◆ The problem
Print, please, exactly the lines from the one with "Vintage Germany Adidas" through the final line of the data below, with both ends included and the pictures left out.

◆ Dataset excerpt
○ ○ ○ ○

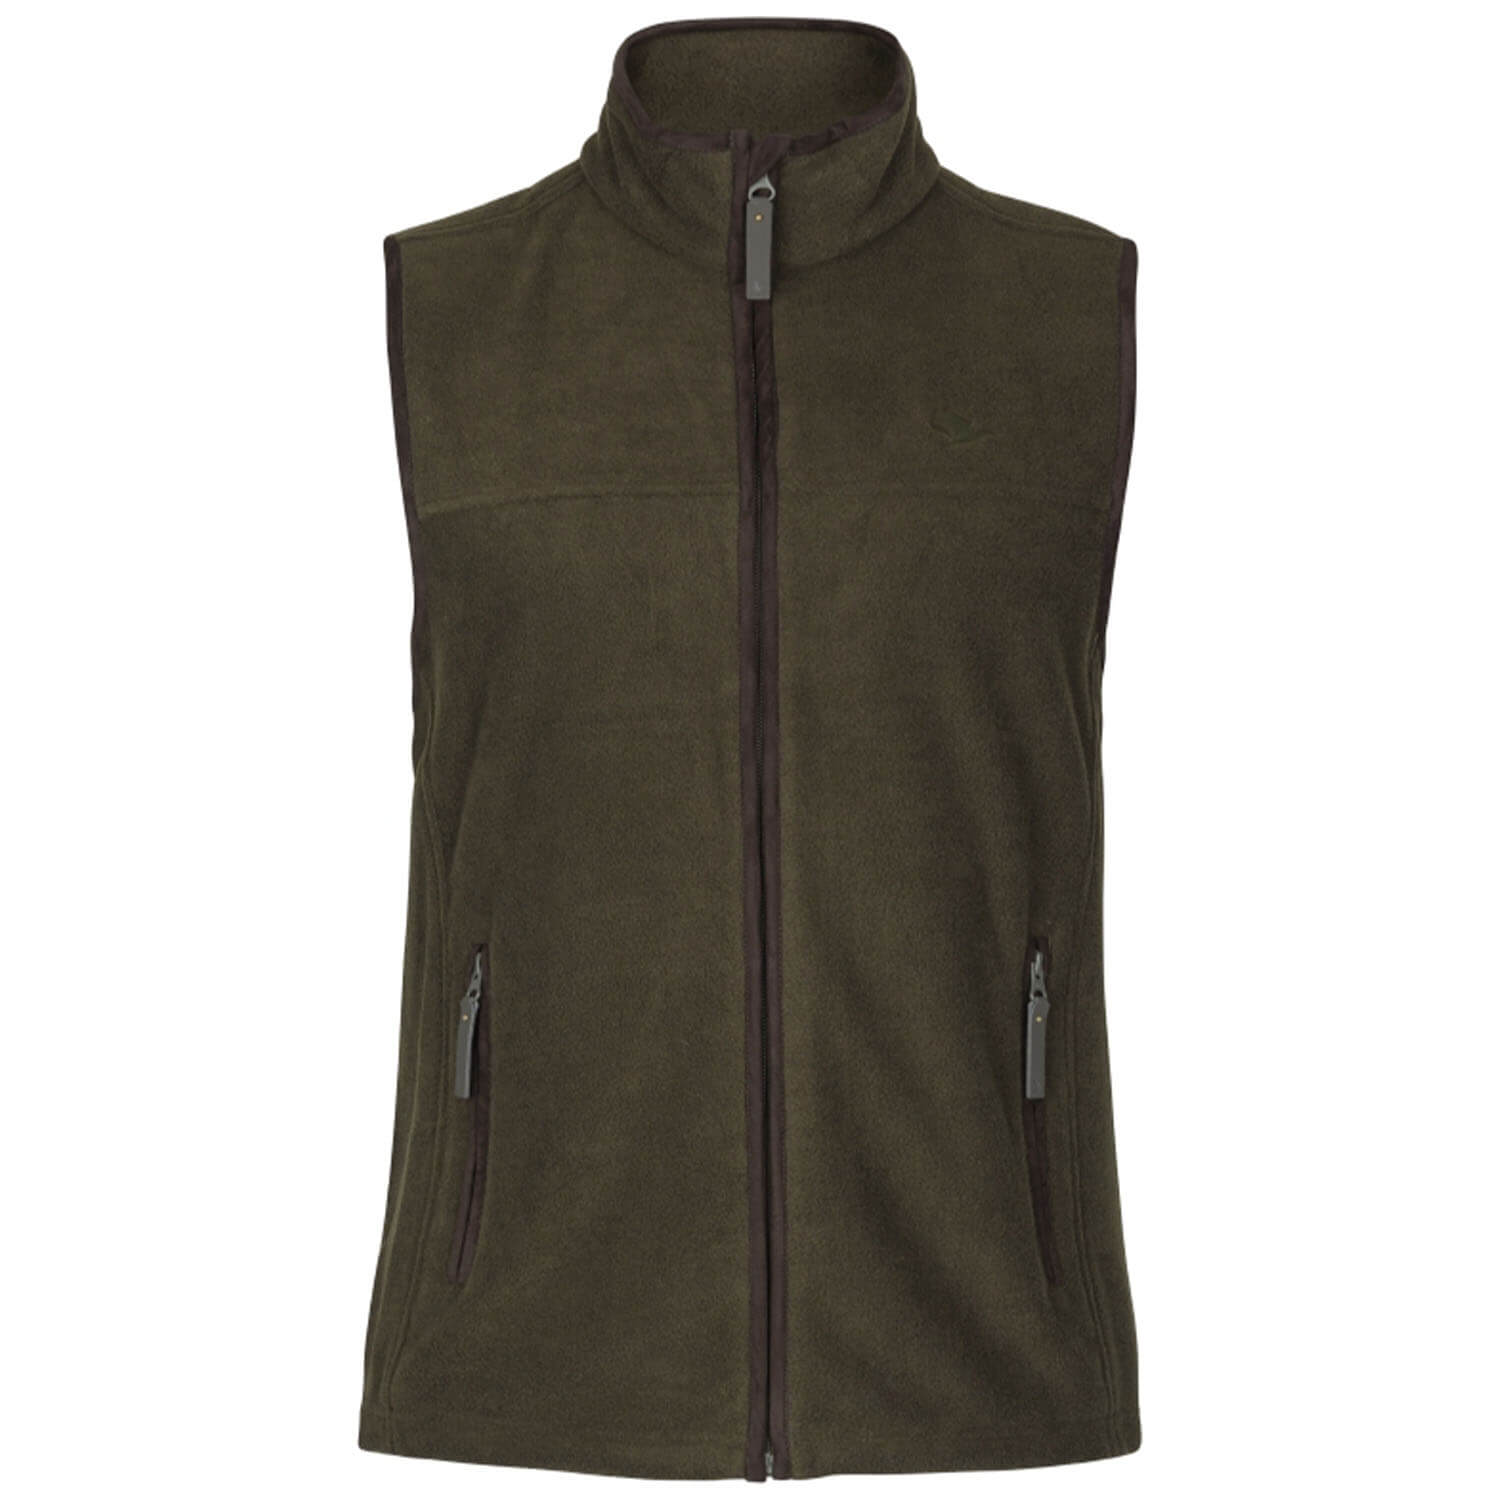  Seeland Woodcock Earl fleece vest (Pine Green Melange)
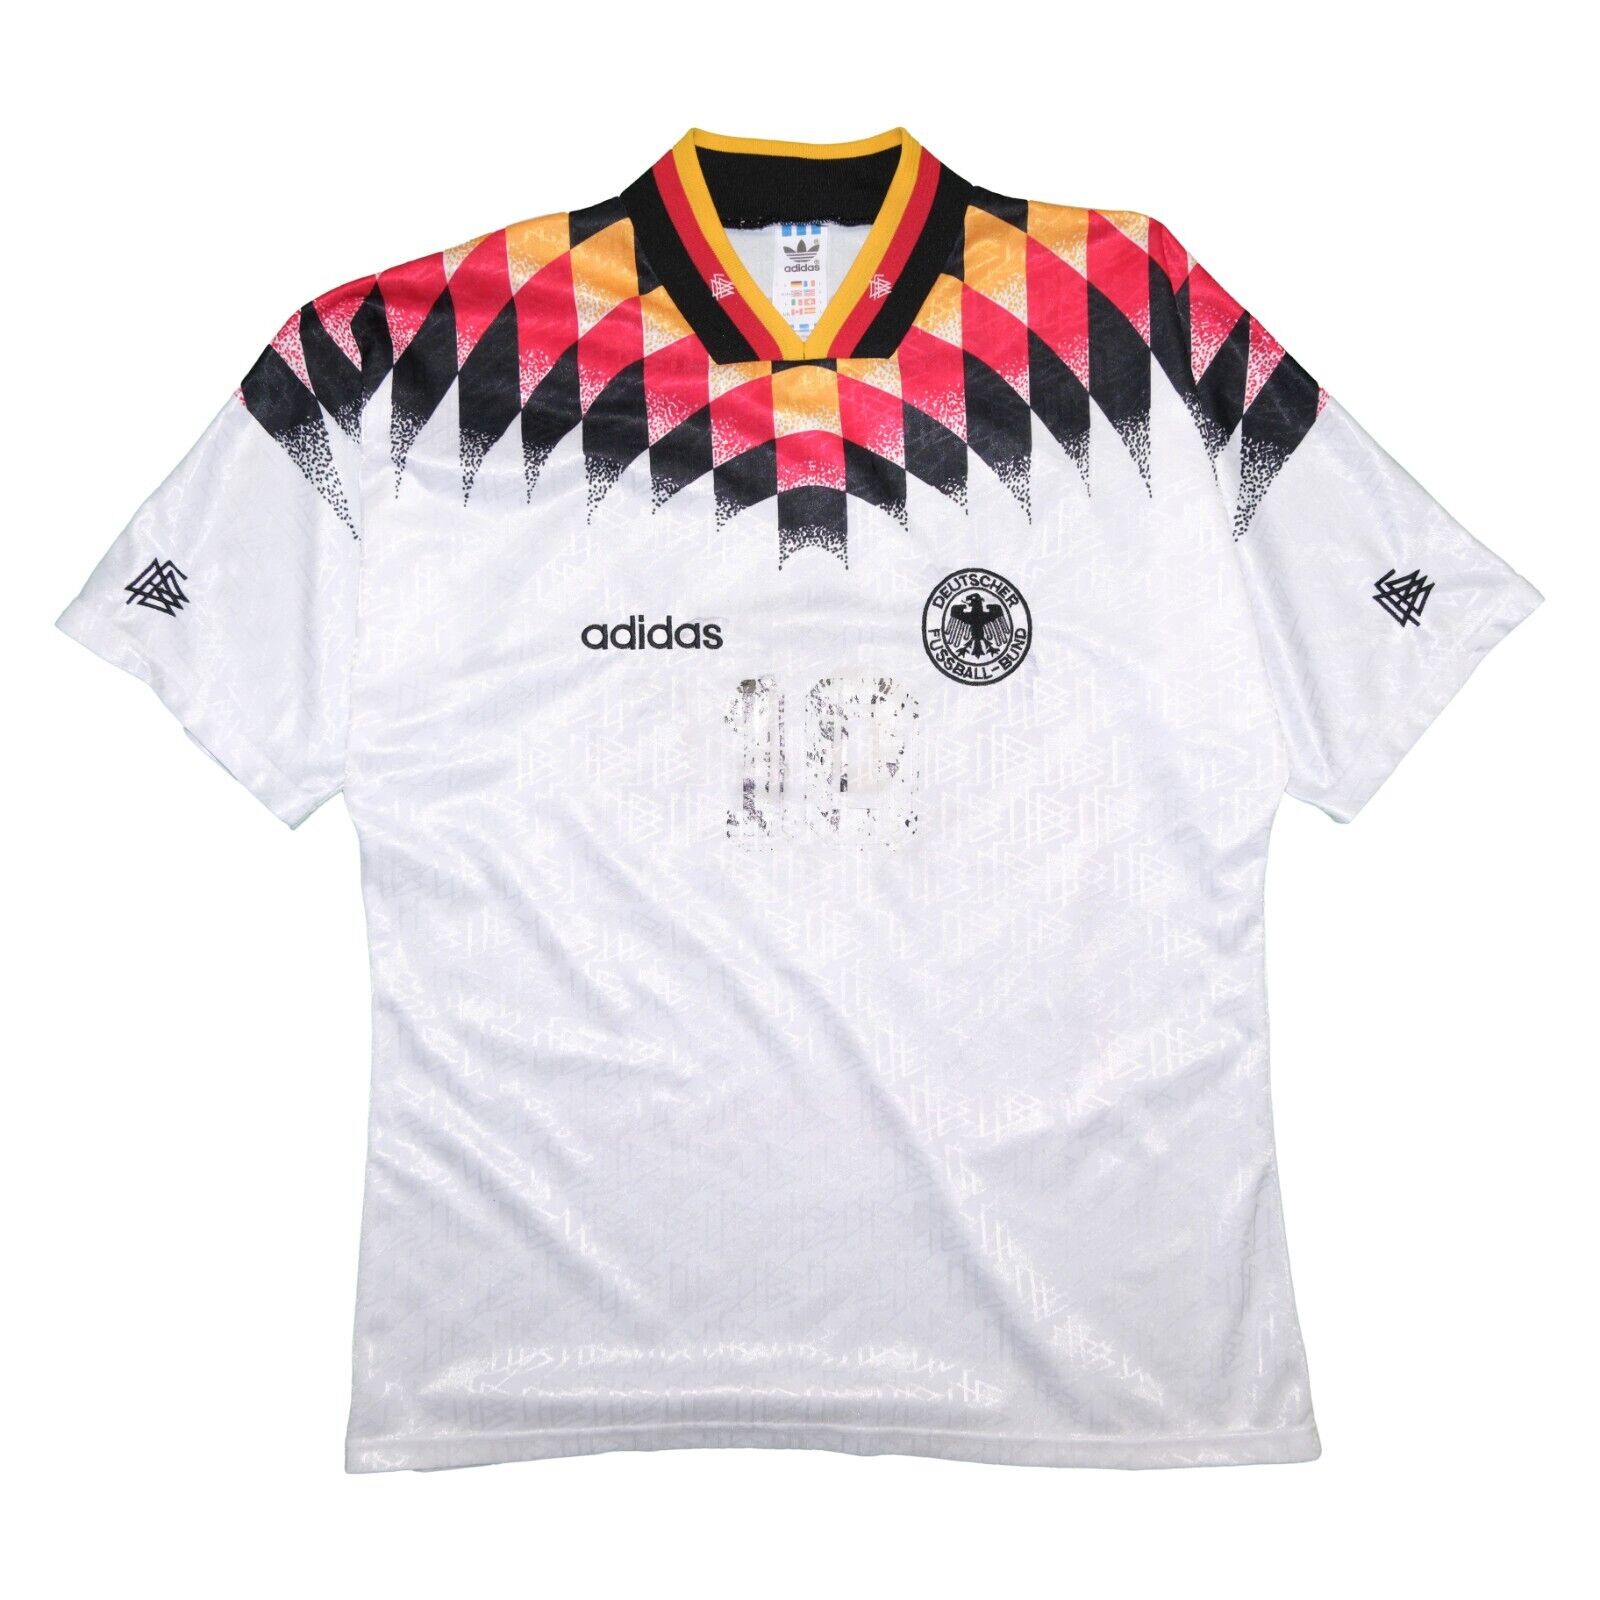 Vintage Germany Adidas Football Kit Size Large 1994 90s
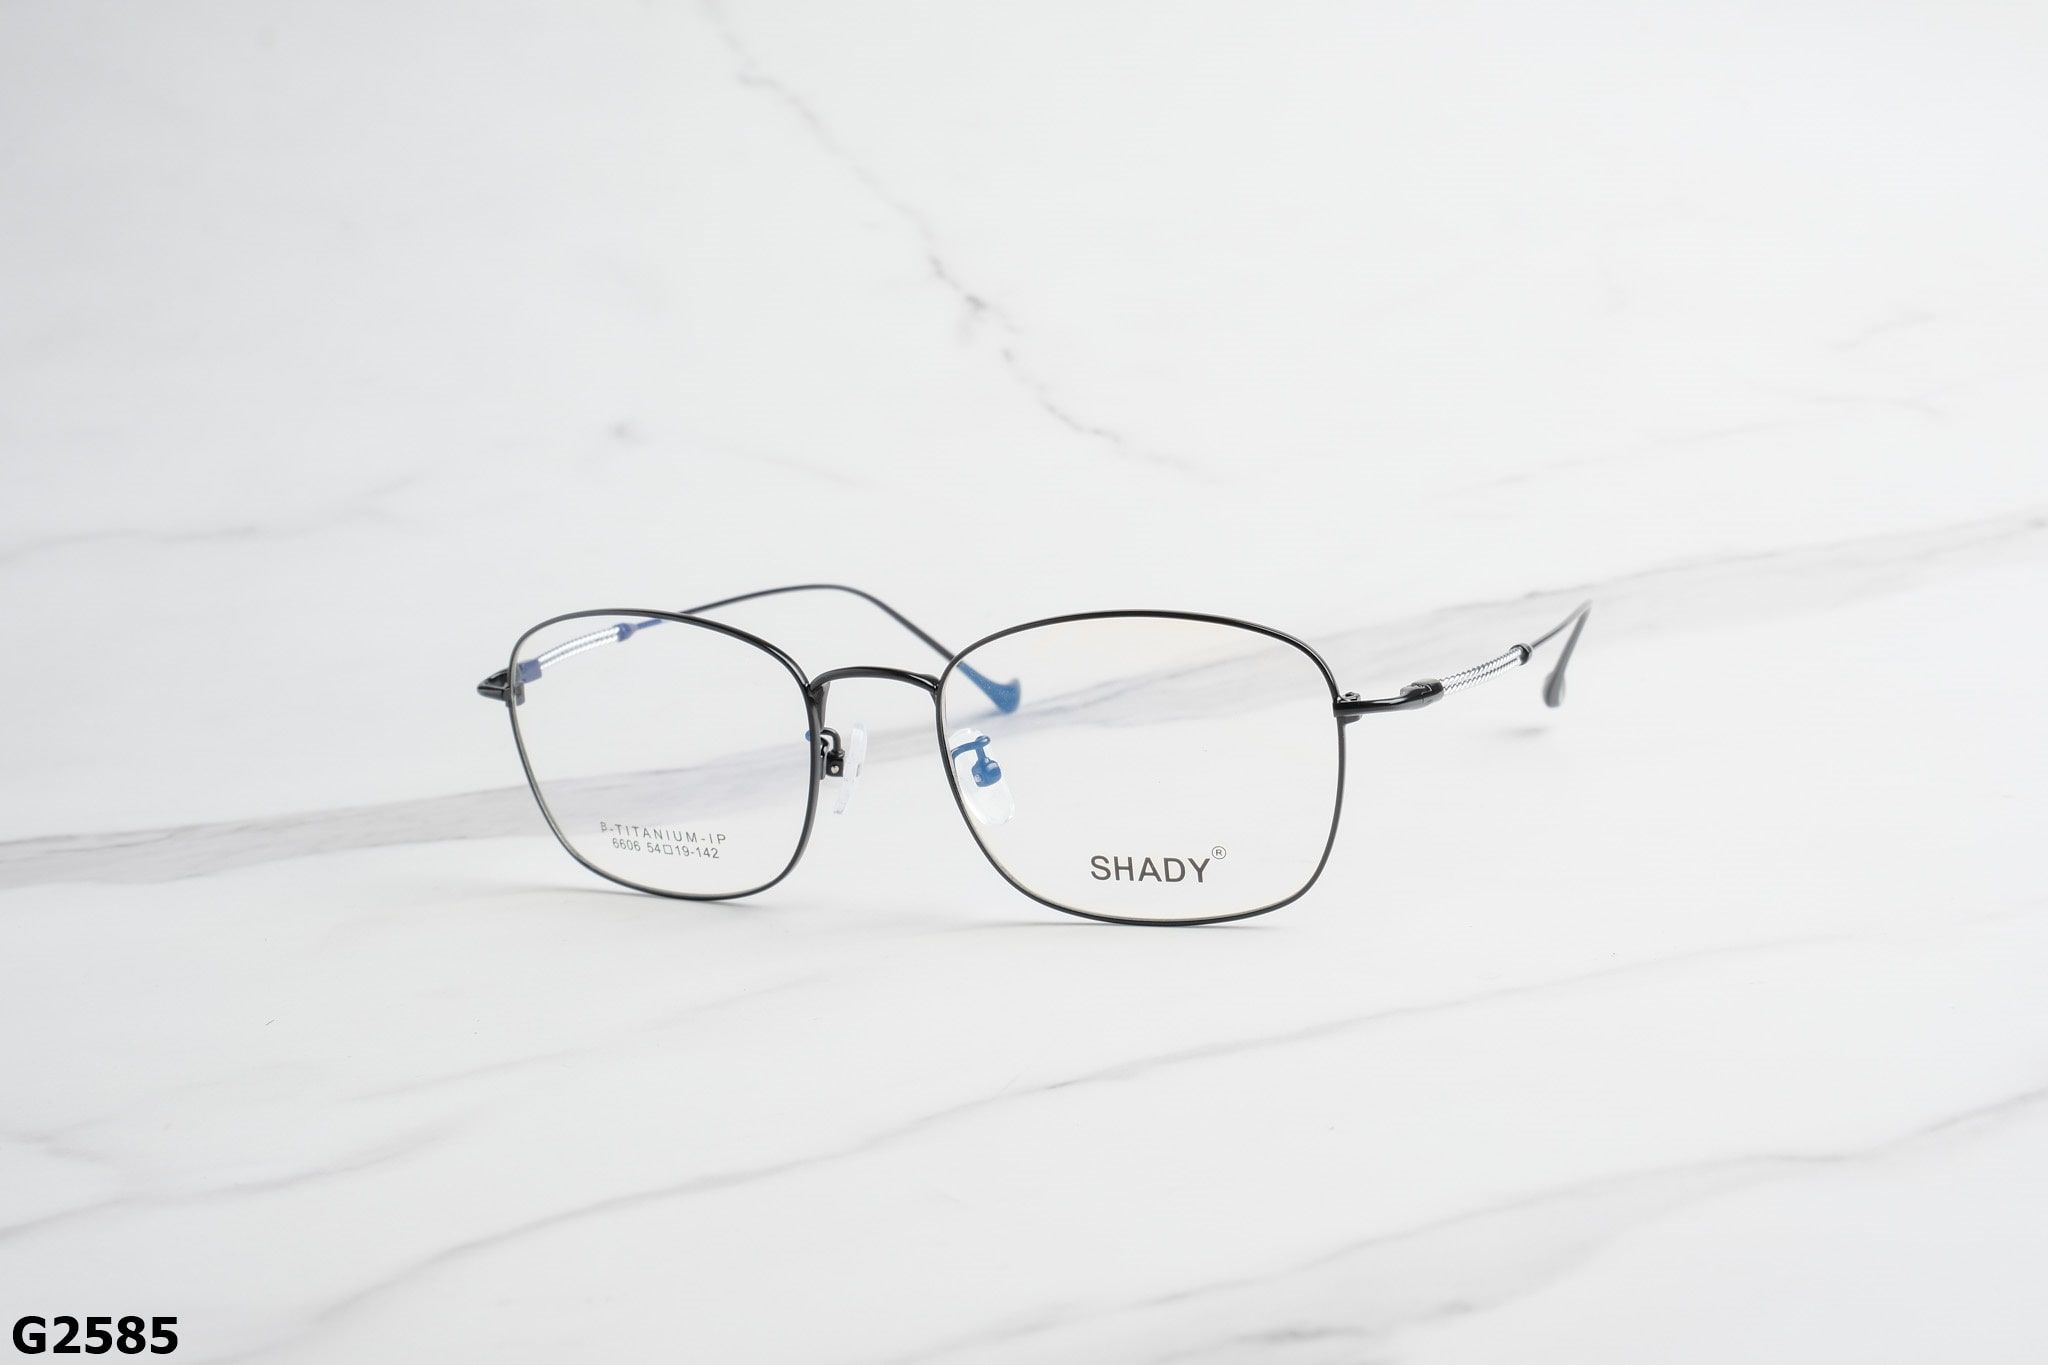  SHADY Eyewear - Glasses - G2585

○ ○ ○ ○

◆ Task response
 Vintage Germany Adidas Football Kit Size Large 1994 90s
  SHADY Eyewear - Glasses - G2585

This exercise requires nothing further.